Question

Can anyone help me solve these three equations?
_=base

log_2(x+1)+log_2(x-2)=2

AAND

x^4-2x^3=4x^2-8x

AAND

(2/x)-([x+3]/[x+5])=(-2/[x^2+5x])

Answer 1

\[\log_2(x+1)+\log_2(x-2)=2 \]
use \(\log(A) +\log(B)=\log(AB) \) to write as
\[\log_2((x+1)(x-2))=2\] then rewrite in exponential form as
\[(x+1)(x-2)=2^2=4\]

Answer 2

solve the quadratic equation, then make sure to check your answers because it is likely that one will not work

Answer 3

Okay, I got that one. Thanks :). I actually just got the second one on my list on my own, but can you help me with the third?

Answer 4

The third one is\[\frac{2}{x}-\frac{x+3}{x+5}=\frac{-2}{x^{2}+5x}\]?

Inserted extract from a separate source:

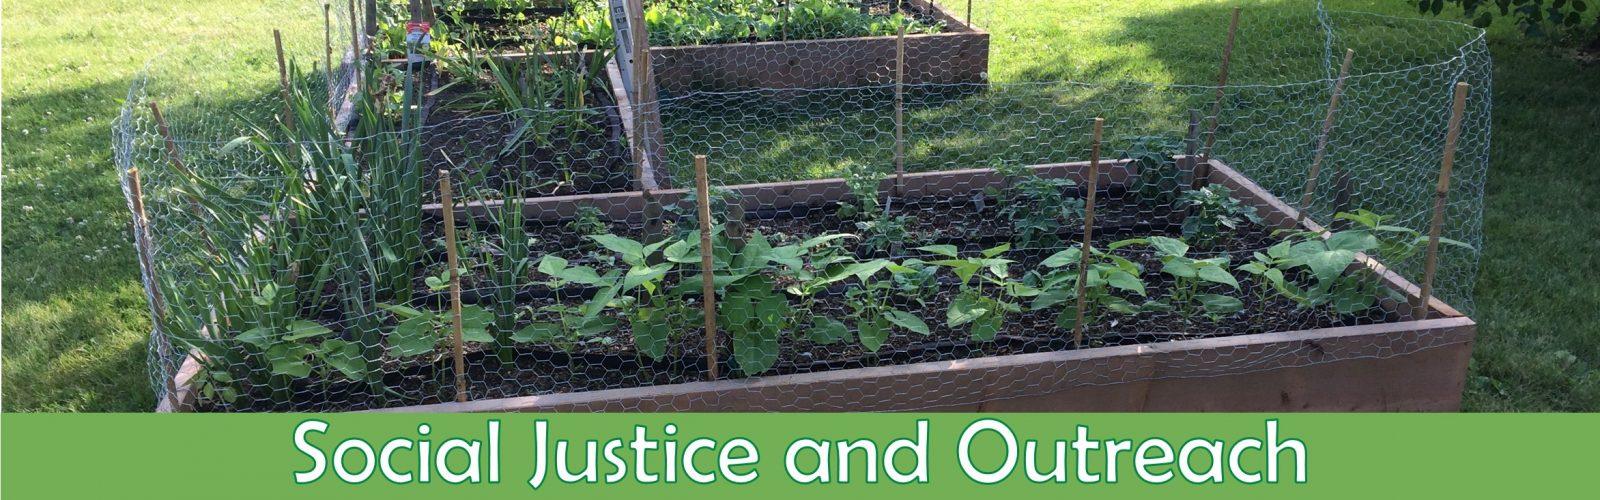 Banner-Slider Social Justice & Outreach Community Garden

First, you want to combine the two fractions on the left side. This can be done by multiplying the first fraction (2/x) by the denominator of the second fraction over itself, and then multiplying the second fraction by the denominator of the first fraction over itself, and then adding them together. So\[\frac{2}{x}\times \frac{x+5}{x+5}-\frac{x+3}{x+5}\times \frac{x}{x}=\frac{2x+10}{x^{2}+5x}-\frac{x^{2}+3x}{x^{2}+5x}=\frac{-x^{2}-x+10}{x^{2}+5x}\]Then we have\[\frac{-x^{2}-x+10}{x^{2}+5x}=\frac{-2}{x^{2}+5x}\]Notice that the denominators are now equal to each other. This allows you to solve the much easier equation\[-x^{2}-x+10=-2\]with the following restriction: x cannot be such that \[x^{2}+5x=0\]

Answer 5

Thanks!